GK Historical Chain: 1947 Partition — No cricket until 1978 — Kargil 1999 suspension — 2004-05 Pakistan tour of India — 2012-13 India tour of Pakistan (last bilateral) — Pulwama 2019 — Operation Sindoor 2025 — Formal sports policy codified 2026.
| Parameter | Detail |
|---|---|
| Policy Issuer | Ministry of Youth Affairs & Sports (MoYAS), May 2026 |
| Bilateral Events | BANNED (India vs Pakistan direct series on Indian soil) |
| Multilateral Events | ALLOWED (ICC WC, Asian Games, Olympics hosted in India) |
| Last Bilateral Cricket | India tour of Pakistan, 2012-13 |
| Pulwama Attack | Feb 14, 2019 — CRPF convoy, J&K; 40+ killed |
| Operation Sindoor | May 2025 — Cross-LoC strikes on terror infrastructure; Pahalgam attack trigger |
| Legal Basis for Policy | Art. 246 + Union List Entry 10 (Foreign Affairs — exclusive Central power) |
| Simla Agreement, 1972 | Indira Gandhi — Zulfikar Ali Bhutto; established LoC; bilateral dispute resolution |
MNEMONIC: BCSIM — Bilateral-Banned, Centre-Entry10, Simla-1972, IOC-Olympics-Only, Multilateral-Allowed
• Bilateral = banned; Multilateral = allowed (the exact distinction the policy draws)

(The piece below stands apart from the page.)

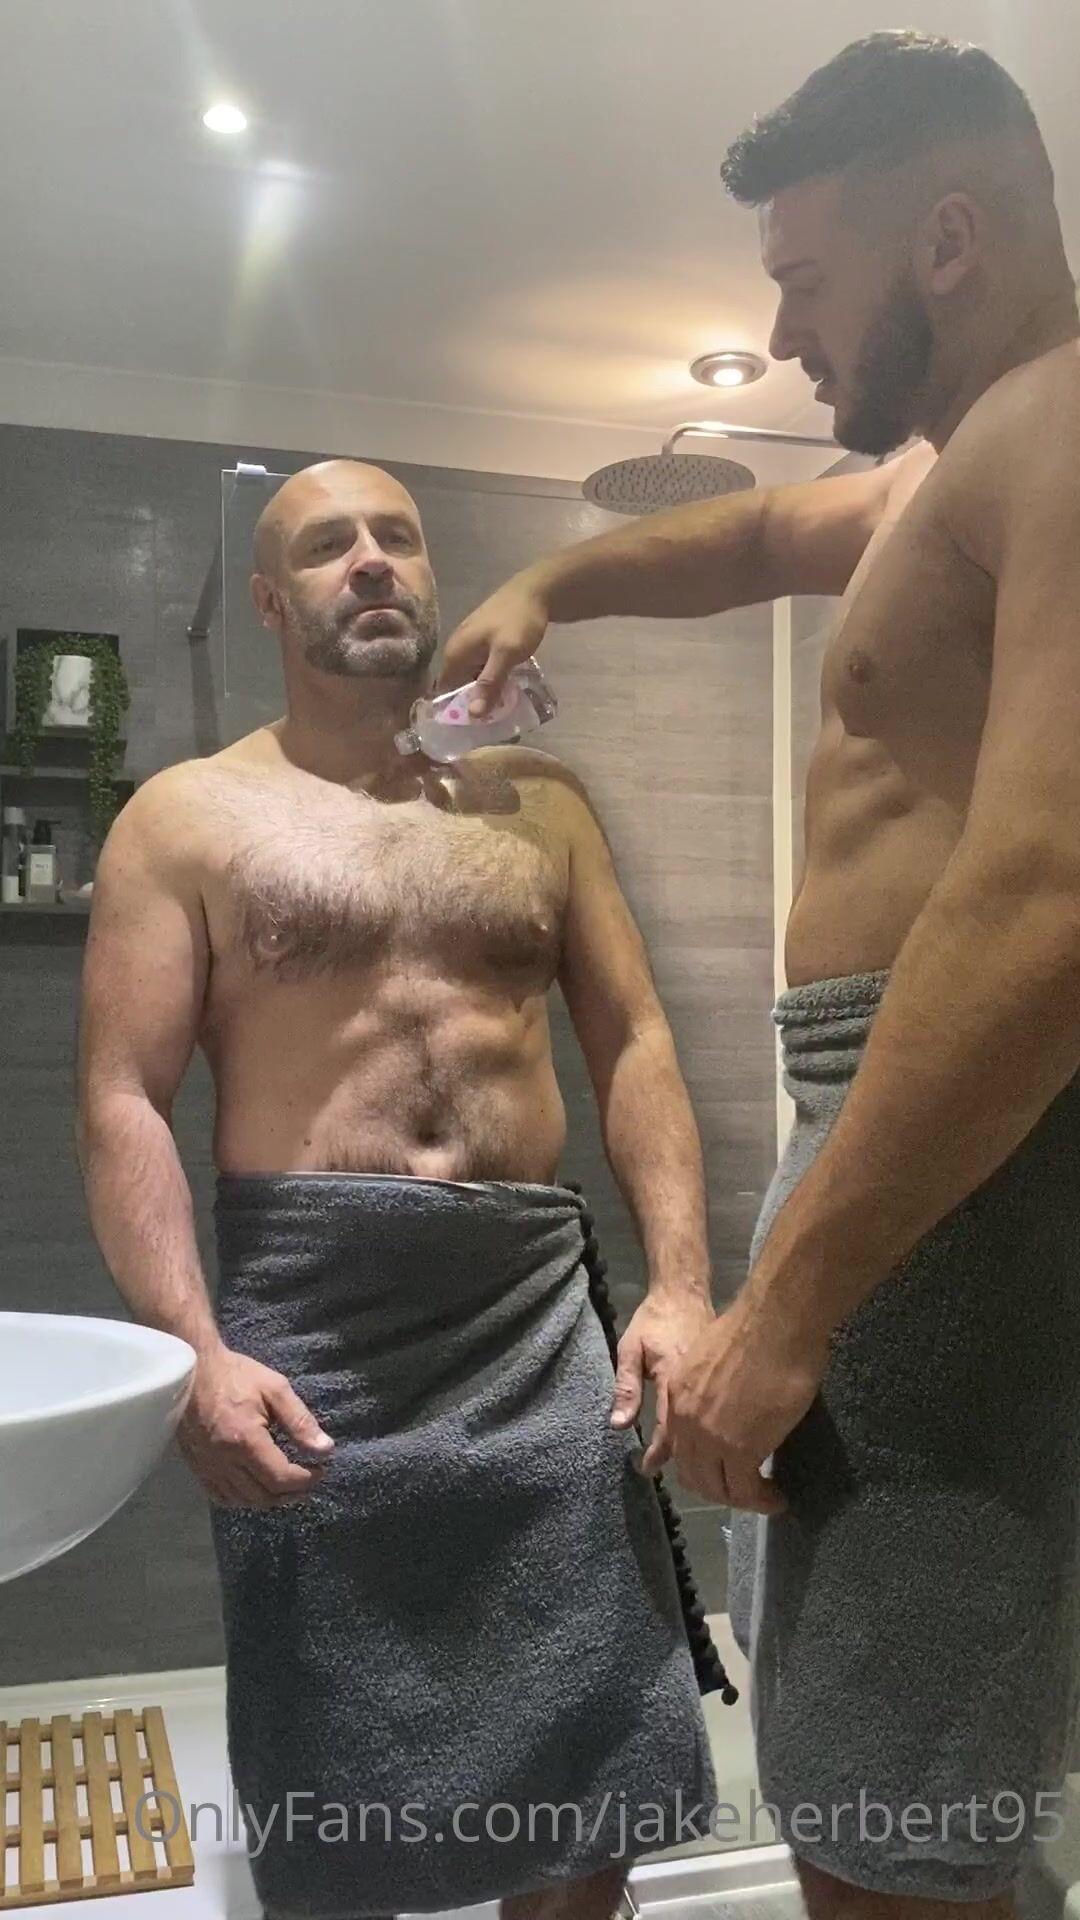 jakeherbert95 free porn videos (55)

• Centre’s power over foreign affairs = Art. 246 + Union List Entry 10 (exclusive, not concurrent)
• Simla Agreement (1972) = LoC + bilateral dispute resolution; does NOT mandate bilateral sports
• IOC = Olympics-specific rules; cannot compel bilateral series outside Games
• Multilateral hosting = different obligation (ICC hosting agreement is not a bilateral permission)
Memory Hook: “BCSIM — India draws a clear boundary between bilateral ties and multilateral participation.”